*** DATASET EXCERPTS ***
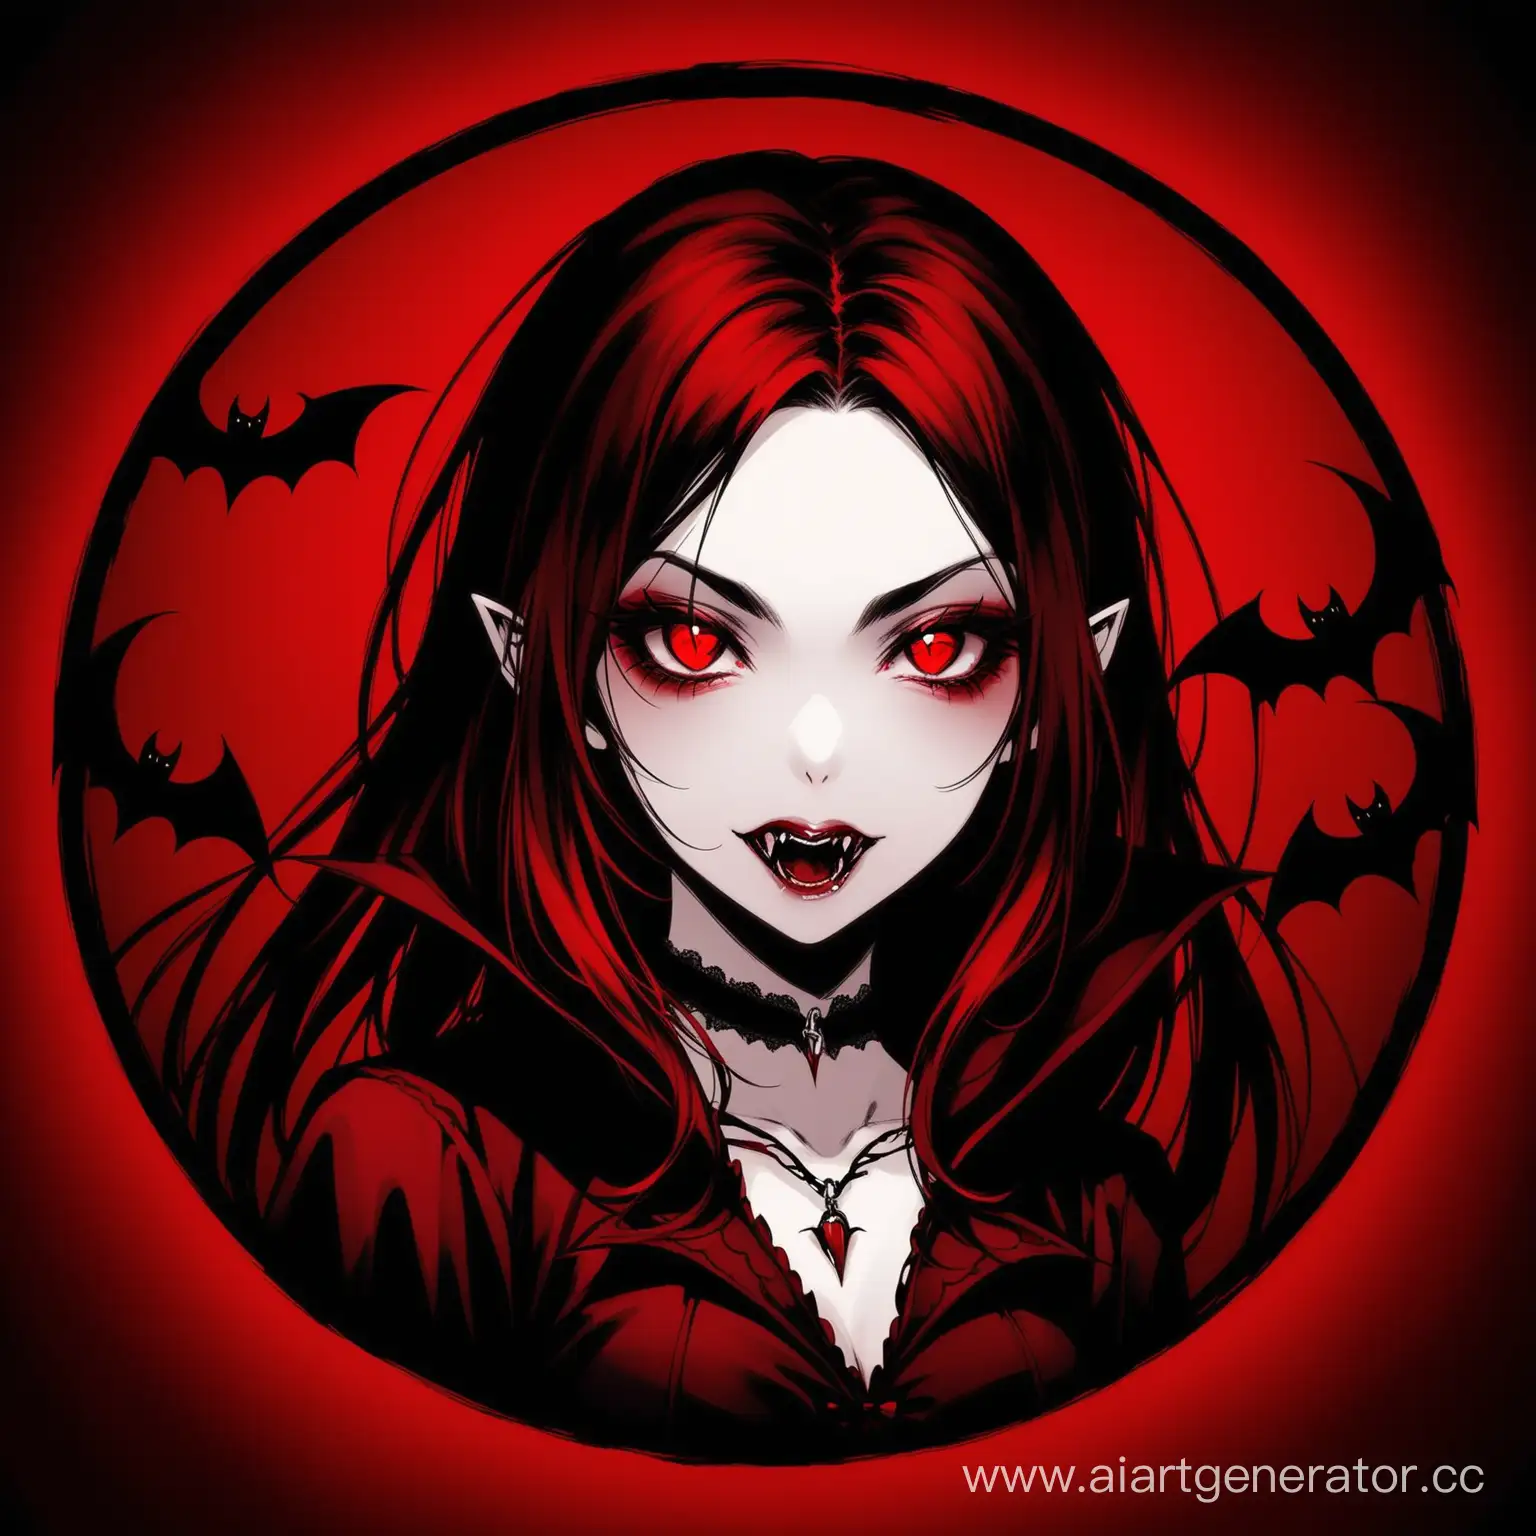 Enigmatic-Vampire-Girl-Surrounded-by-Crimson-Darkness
*** End of DATASET EXCERPTS ***
*** DATASET EXCERPTS ***
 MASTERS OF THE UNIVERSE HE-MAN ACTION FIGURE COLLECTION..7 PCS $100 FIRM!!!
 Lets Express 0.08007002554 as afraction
*** End of DATASET EXCERPTS ***
→ TASK ITEM
Restate word for word the entries above, starting at the line with "MASTERS OF THE" and ending at the line with "Lets Express 0.08007002554 as afraction", inclusive, and no others.

→ EXERCISE OUTPUT
 MASTERS OF THE UNIVERSE HE-MAN ACTION FIGURE COLLECTION..7 PCS $100 FIRM!!!
 Lets Express 0.08007002554 as afraction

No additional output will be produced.